Нельзя отдельно, изолированно исследовать и постичь смысл мужчины и женщины. Значение может быть познано при совместном изучении и взаимном сопоставлении мужчины и женщины. В их отношении друг к другу следует искать ключ к раскрытию обеих сущностей. Мы слегка коснулись этого отношения при попытке обосновать природу эротики. Отношение между мужчиной и женщиной есть не что иное, как отношение между субъектом и объектом. Женщина ищет своего завершения, как объект. Она вещь мужчины или вещь ребенка. Она хочет, чтобы ее принимали только за вещь, что удачно скрывается вечной рисовкой. Никто так скверно не понимает истинного желания женщины, как тот, который интересуется всем тем, что в ней происходит, который проявляет внимание к ее чувствам и надеждам, ее переживаниям и духовной оригинальности. Женщина не хочет, чтобы к ней относились, как к субъекту. Она всегда и во всех направлениях (в этом именно выражается ее бытие женщины) хочет оставаться пассивной, хочет чувствовать волю, направленную на нее. Она не хочет, чтобы ее стыдились или щадили, она вообще не хочет, чтобы ее уважали. Ее единственная потребность заключается в том, чтобы ее желали, как тело, чтобы она находилась в обладании чужих рук, как их собственность, как простое ощущение приобретает реальность лишь тогда, когда оно выражено в понятии, т. е. когда оно превращается в известный объект, так и женщина доходит до своего существования и ощущения его лишь тогда, когда они возводится мужчиной или ребенком, как субъектом, на ступень объекта. Таким путем, путем подарка, она приобретает свое существование.

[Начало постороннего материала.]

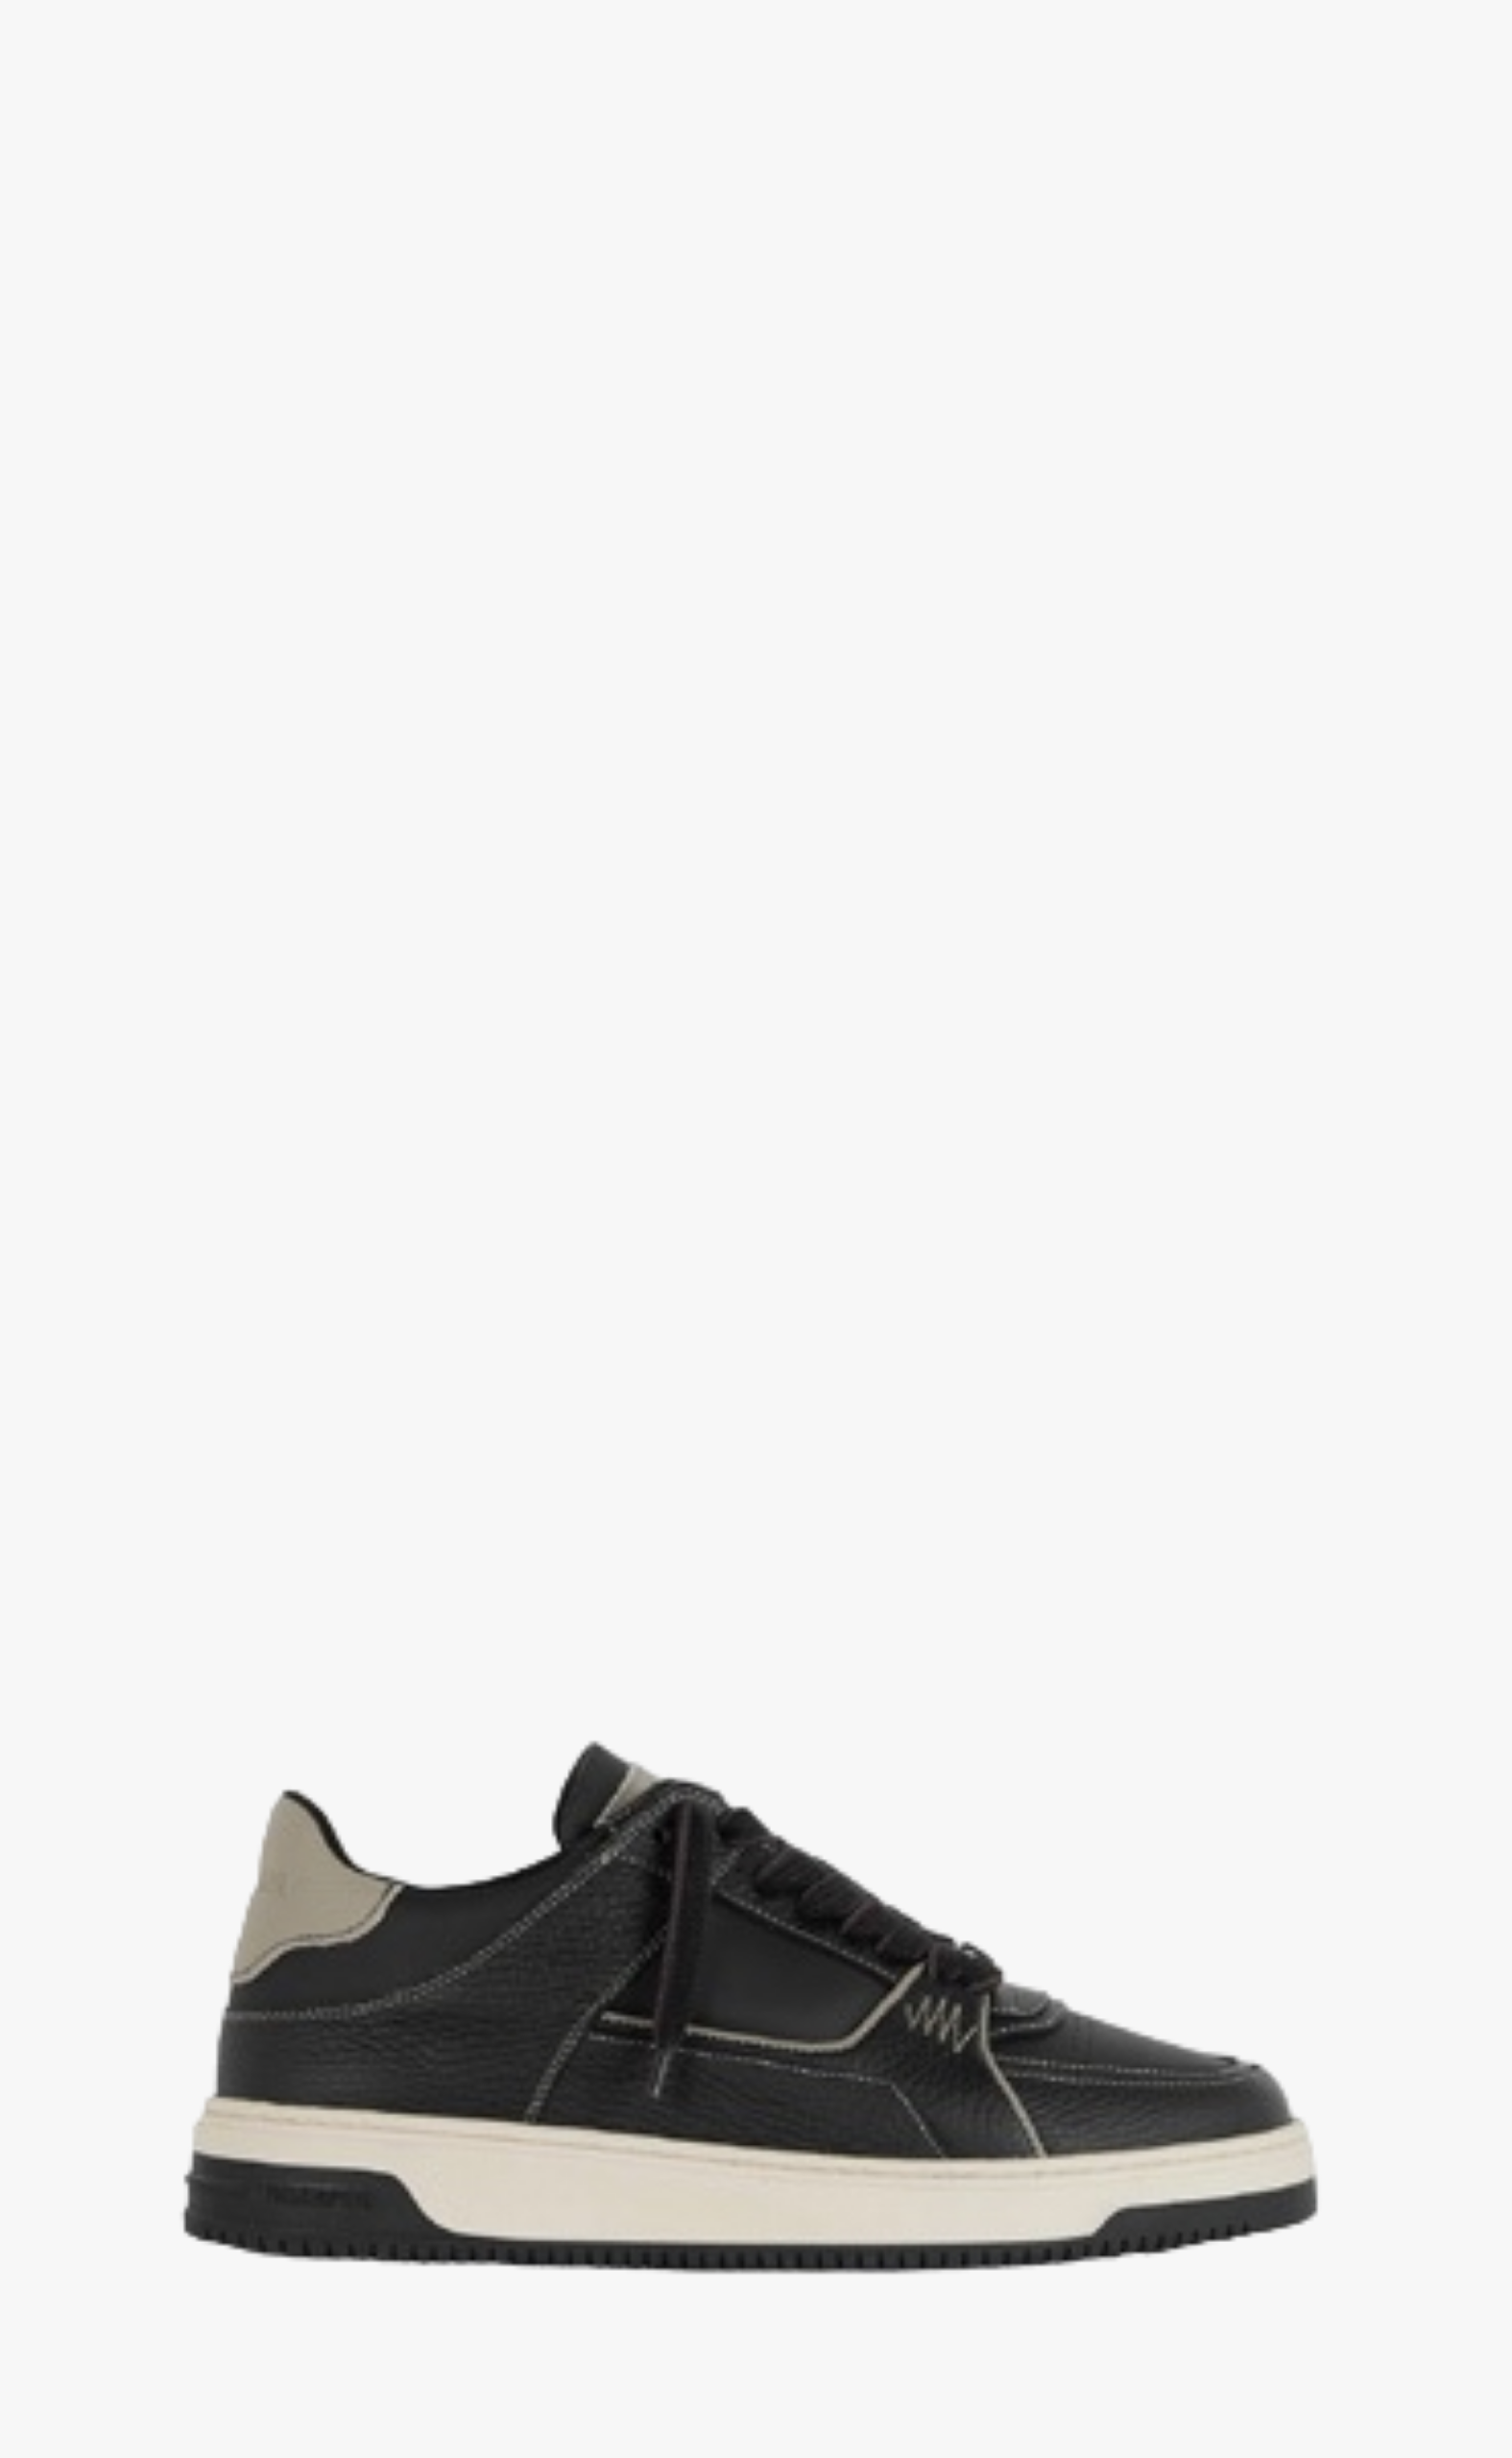 APEX BLACK WASHED TAUPE SNEAKERS

Противоположность между субъектом и объектом с точки зрения теории познания является с онтологической точки зрения противопоставлением формы и материи. Это противопоставление есть только перемещение первой из сферы трансцендентального в сферу трансцендентного, из опытно-критической области в область метафизическую. Материя, а именно то, что абсолютно индивидуализировано, что может принять какую угодно форму, но что не имеет определенных длительных свойств, так же мало обладает сущностью, как простое ощущение материя опыта, обладает самостоятельным существованием. Итак, противоположность между субъектом и объектом относится к существованию (тем, что ощущение приобретает реальность как объект, противопоставленный субъекту), противоположность же между формой и материей означает разницу в сущности (материя без формировки абсолютно бескачественна). Поэтому Платон с полным основанием мог и вещественность, массу, поддающуюся формировке, нечто само по себе бесформенное, легко принимающую любую форму глину, то, во что вливается форма, ее место, то вечно второе, назвать не сущим. Кого эти слова наводят на мысль о том, что Платон имел здесь в виду пространство, тот низводит величайшего мыслителя на степень поверхностного философа. Мы нисколько не сомневаемся в том, что ни один выдающийся философ не станет приписывать пространству метафизическое существование, но он вместе с тем не скажет, что пространство лишено всякой сущности. Для дерзкого болтуна характерно именно то, что он считает пустое пространство «химерой», что оно для него «нечто». Только у вдумчивого мыслителя оно приобретает реальность и становится проблемой для него. Не сущее Платона есть именно то, что для филистера кажется наиболее реальным, суммой всех ценностей существования. Это не что иное, как материя.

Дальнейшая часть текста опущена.